At the Hyatt Regency, where the vast lobby bistro has only a few small tables in use and the nightclub has been chained up for months, roughly 100 full- and part-time staff members have been let go during the pandemic.

Anthony Henri Oftana for The New York Times

Several gas stations have shortened their operating hours, and some car rental agencies have either sold off their inventories or begun leasing vehicles to local residents at a reduced rate. Independent taxi drivers have decided to find other work, and the local ride-share app, Stroll Guam, frequently tells users that it is out of drivers.

About 60 percent of the island’s revenue came from tourism as of 2019, and Guam has lost $200,000 in revenue per hour from Japan, South Korea and Taiwan since the pandemic began, said Mr. Perez, the tourism official.

“We believe we will recover, but we won’t recover very quickly. Not for at least maybe two or possibly three years,” he said. “If the gods are with us, we should be able to bring in 80,000 visitors for the next fiscal year.” That would be less than 5 percent of Guam’s usual annual influx.

Vaccination — of both the local population and any visitors who need it — is a first step.

Standing in the basement of the Pacific Islands Club one recent day, Kai Akimoto guided a group of Taiwanese tourists to a line of black tables, where nurses waited to give them their shots. He has worked six or seven days a week for months now, he said, coordinating vaccine outreach programs for the American Medical Center, a local clinic.

Anthony Henri Oftana for The New York Times

“We’re a community that is not so apprehensive about getting the vaccine. We don’t have as many people who have qualms about it here,” Mr. Akimoto said. “Their qualm is that Guam is still closed. And if this is the ticket to getting back to work and restimulating the economy, then they want people to get the shot.”

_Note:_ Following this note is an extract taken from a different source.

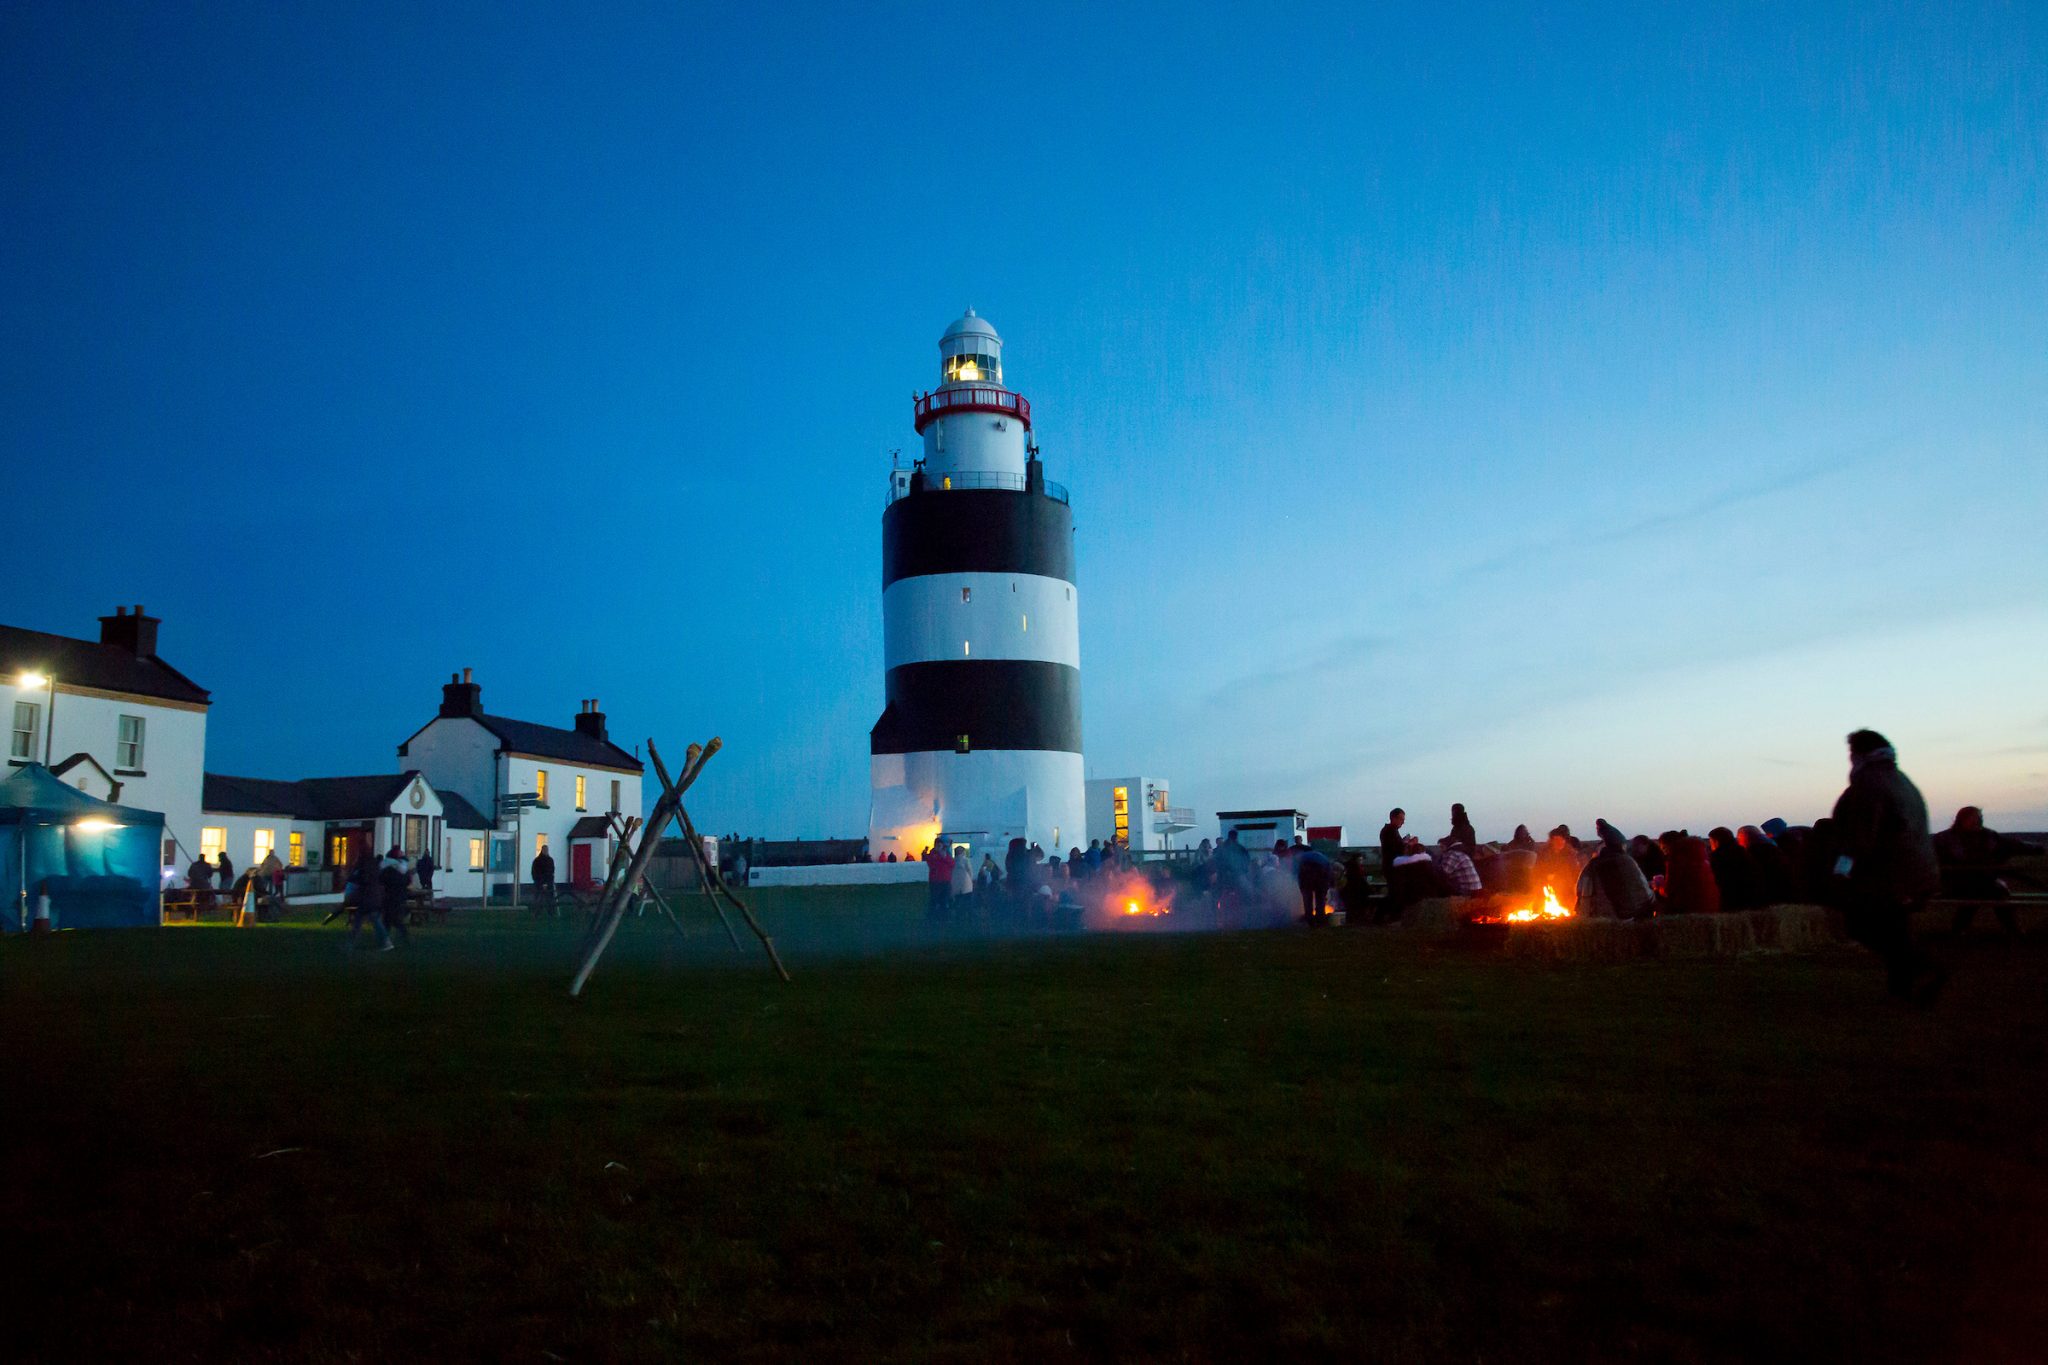 Your kids can explore Halloween’s ancient origins at Wexford’s Samhain festival

Down the street, the once-popular Guam Reef Hotel tended to a small group of customers, its lobby and infinity pool nearly empty on a weekend.

Jason LaMattery, the hotel’s customer service coordinator, said that the number of guests had dropped by about 98 percent between early 2020 and early 2021. In addition to military visitors, the hotel has had a small number of vaccination tourists.

“Things are starting to look up,” he said. “We are slowly recovering from a terrible situation. But are we going to get 100, 200 people from this? No, I don’t think so.”